The film received its first screenings at the Telluride, Toronto and New York film festivals and was then scheduled to have a limited release in December 2011.  However the positive critical response from its initial screenings resulted in its release date being brought forward.    The film subsequently appeared in many critics’ lists of the best films of 2011 and won many awards for George Clooney, Alexander Payne (as writer and director) and as Best Film.

 In his four star review of the film Roger Ebert was particularly impressed by George Clooney:

 “And George Clooney?
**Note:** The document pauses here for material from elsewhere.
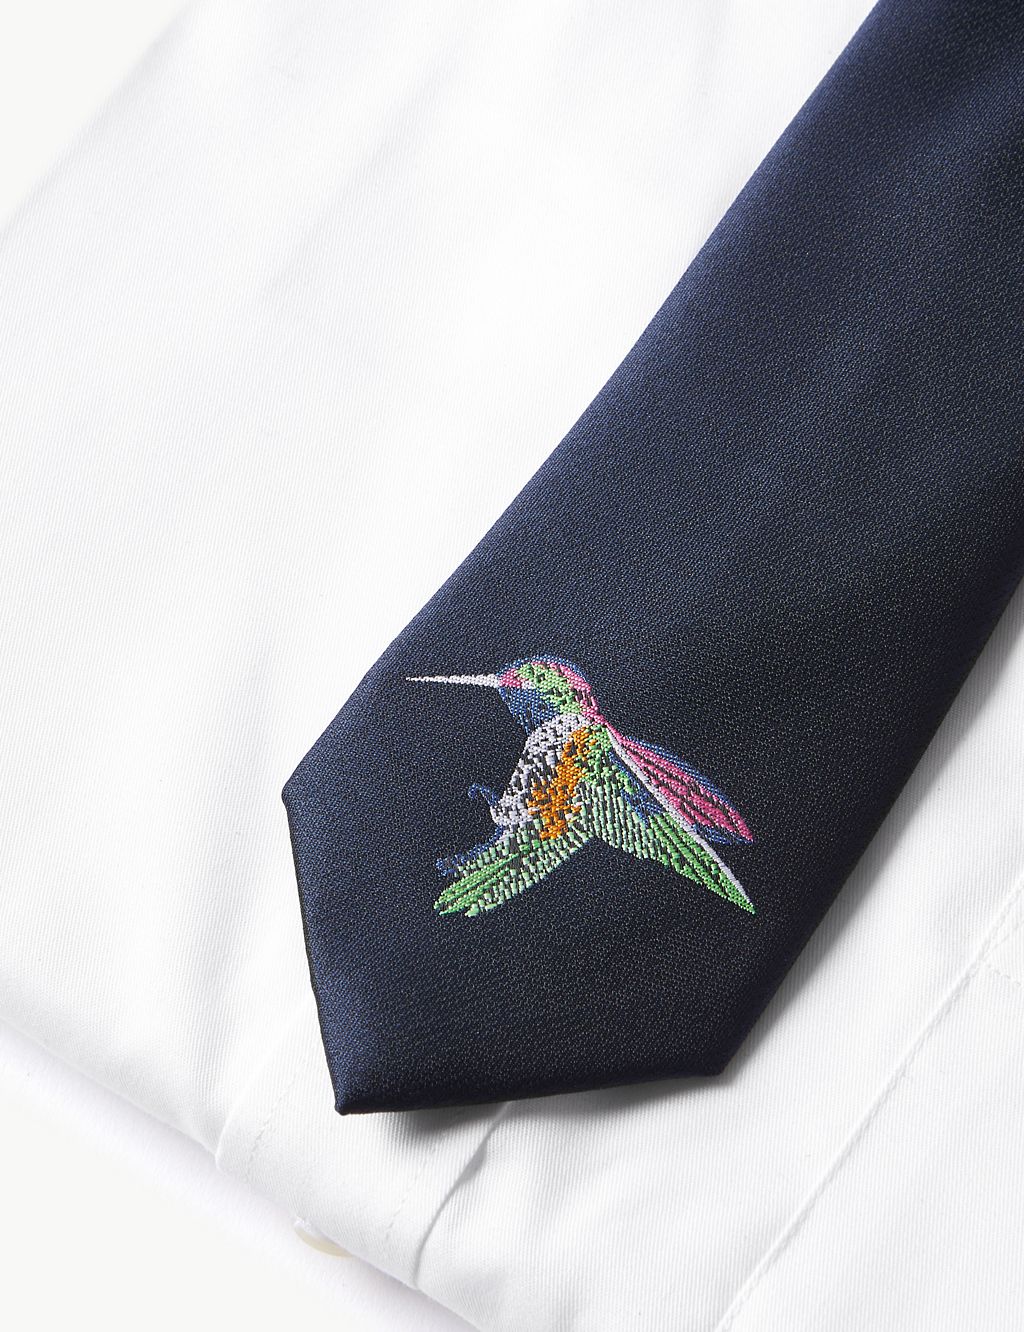 Hummingbird Tie 1 of 6
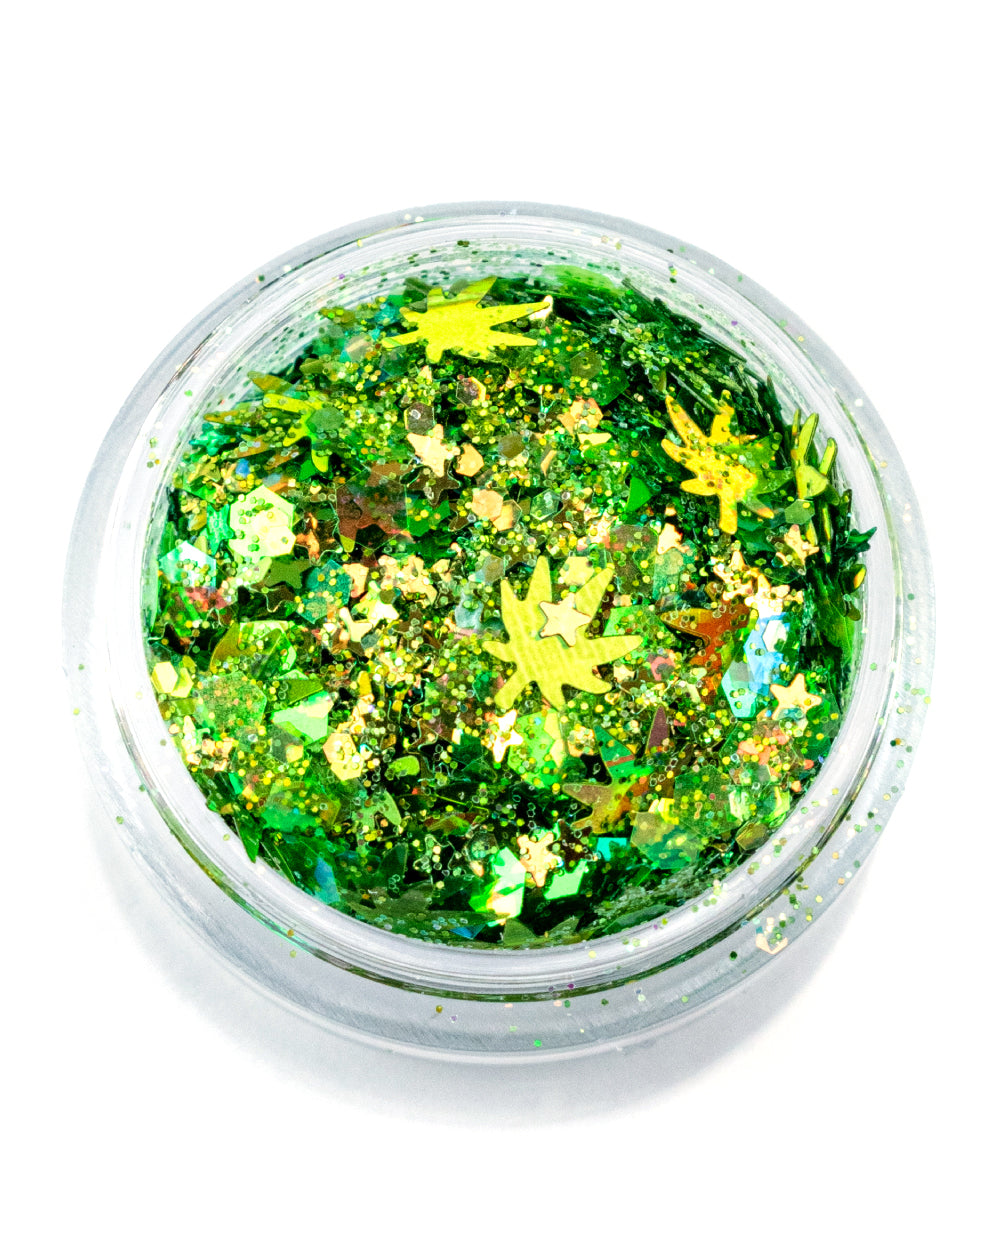 Mary Jane - Green Leaf Chunky Glitter - Lunautics Chunky Glitter

What essence does Payne see in him? I believe it is intelligence. Some actors may not be smart enough to sound convincing; the wrong actor in this role couldn't convince us that he understands the issues involved. Clooney strikes me as manifestly the kind of actor who does. We see him thinking, we share his thoughts, and at the end of The Descendants, we've all come to his conclusions together.”

Alexander Payne made his name as Director/Screenwriter of films such as Election (1999), About Schmidt (2002) and Sideways (2004).  George Clooney lobbied Alexander Payne unsuccessfully for a part in this latter film, being turned down by Payne on the basis that he was too big a star for a role in such an ensemble cast.